Reinforcement Learning allows the machine or software agent to learn its behaviour based
on feedback from the environment. This behaviour can be learnt once and for all, or keep on
adapting as time goes by. If the problem is modelled with care, some Reinforcement Learning
algorithms can converge to the global optimum; this is the ideal behaviour that maximises
the reward.
This automated learning scheme implies that there is little need for a human expert who
knows about the domain of application. Much less time will be spent designing a solution,
since there is no need for hand-crafting complex sets of rules as with Expert Systems, and all
that is required is someone familiar with Reinforcement Learning.

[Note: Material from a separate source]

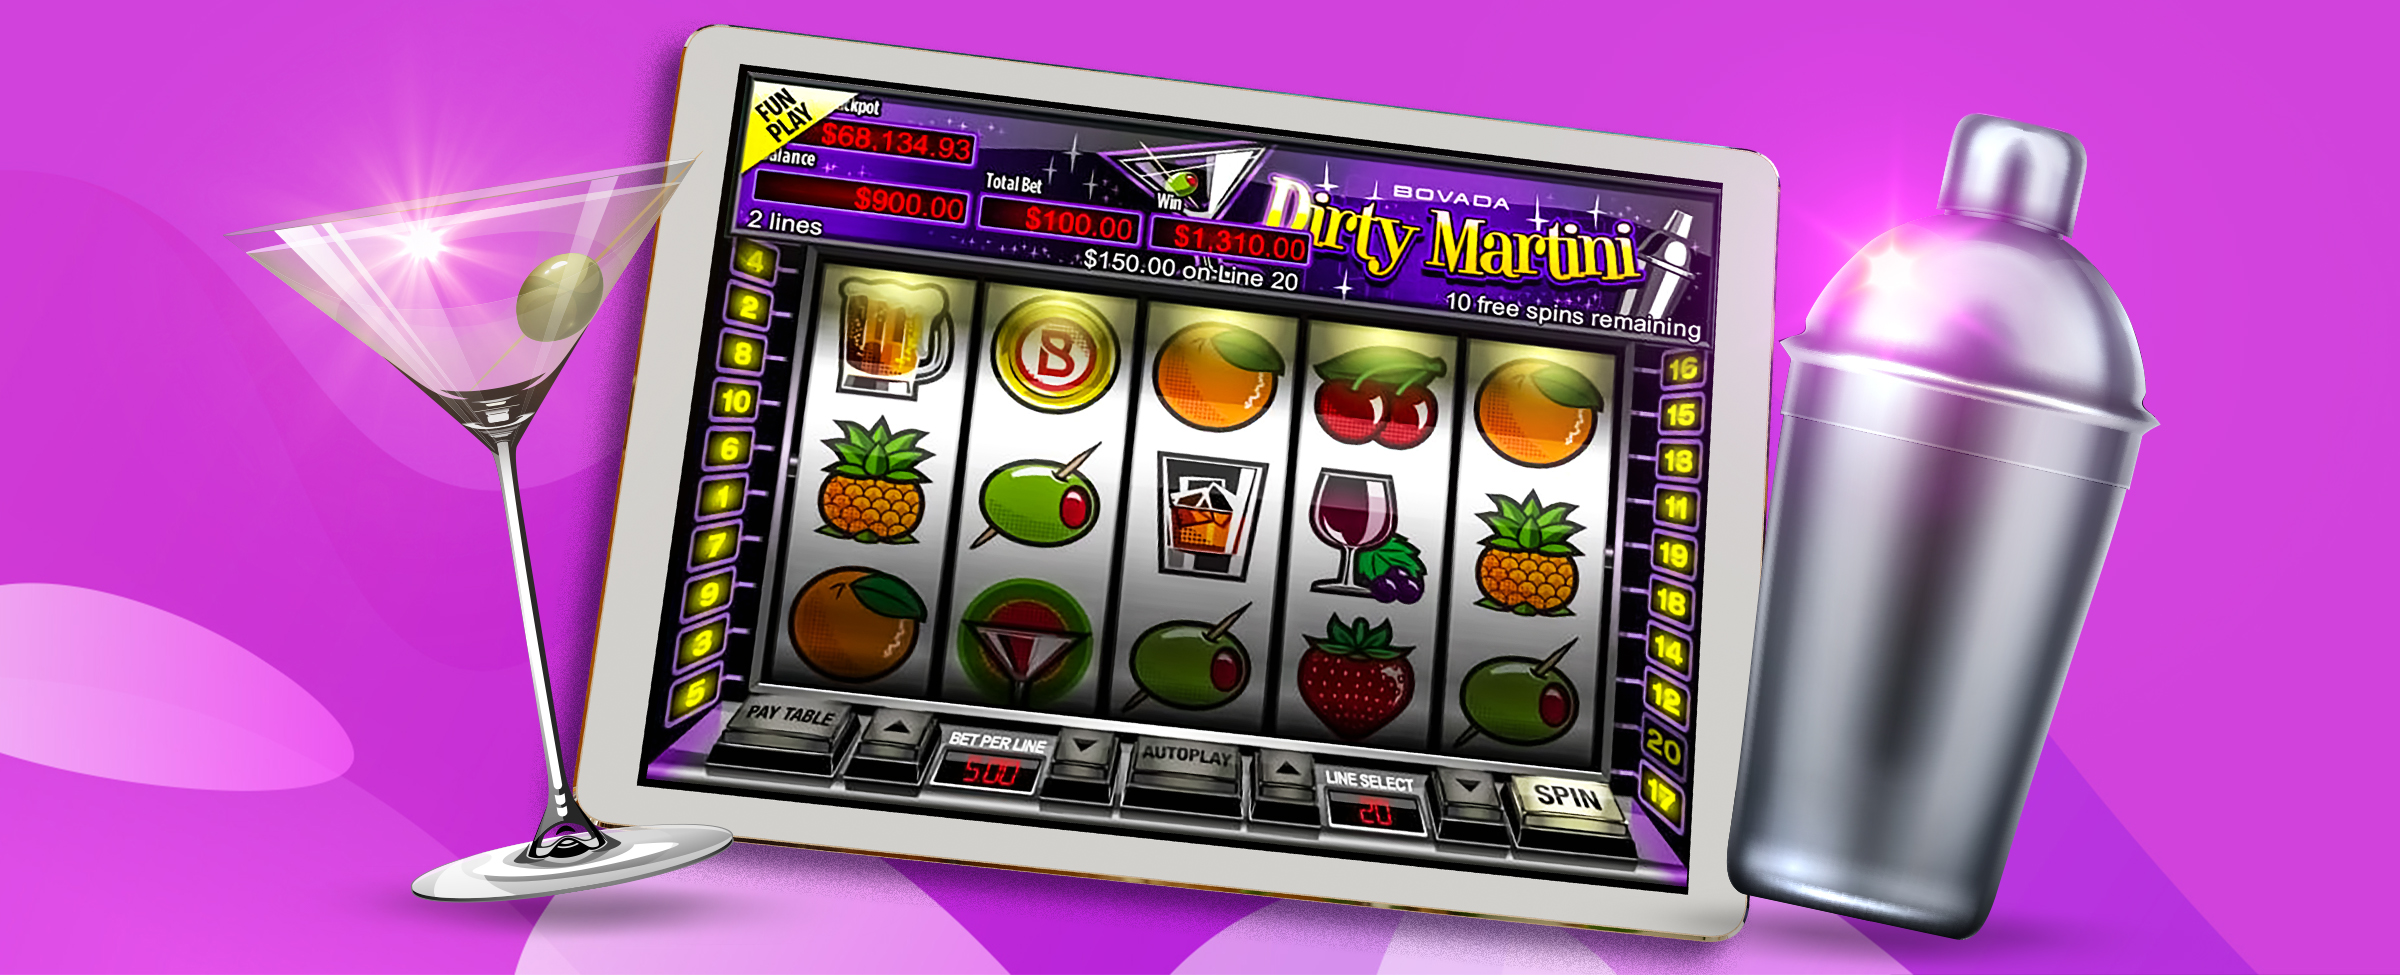 Grab an olive and settle in for your very own Dirty Martini slot game! This slot channels all the visual thrills of yesteryear. Are you game?

The possible applications of Reinforcement Learning are abundant, due to the genericness of
the problem specification. As a matter of fact, a very large number of problems in Artificial
Intelligence can be fundamentally mapped to a decision process. This is a distinct advantage,
since the same theory can be applied to many different domain specific problem with little
effort.
In practice, this ranges from controlling robotic arms to find the most efficient motor
combination, to robot navigation where collision avoidance behaviour can be learnt by
negative feedback from bumping into obstacles. Logic games are also well-suited to
Reinforcement Learning, as they are traditionally defined as a sequence of decisions: games
such as poker, back-gammom, othello, chess have been tackled more or less succesfully.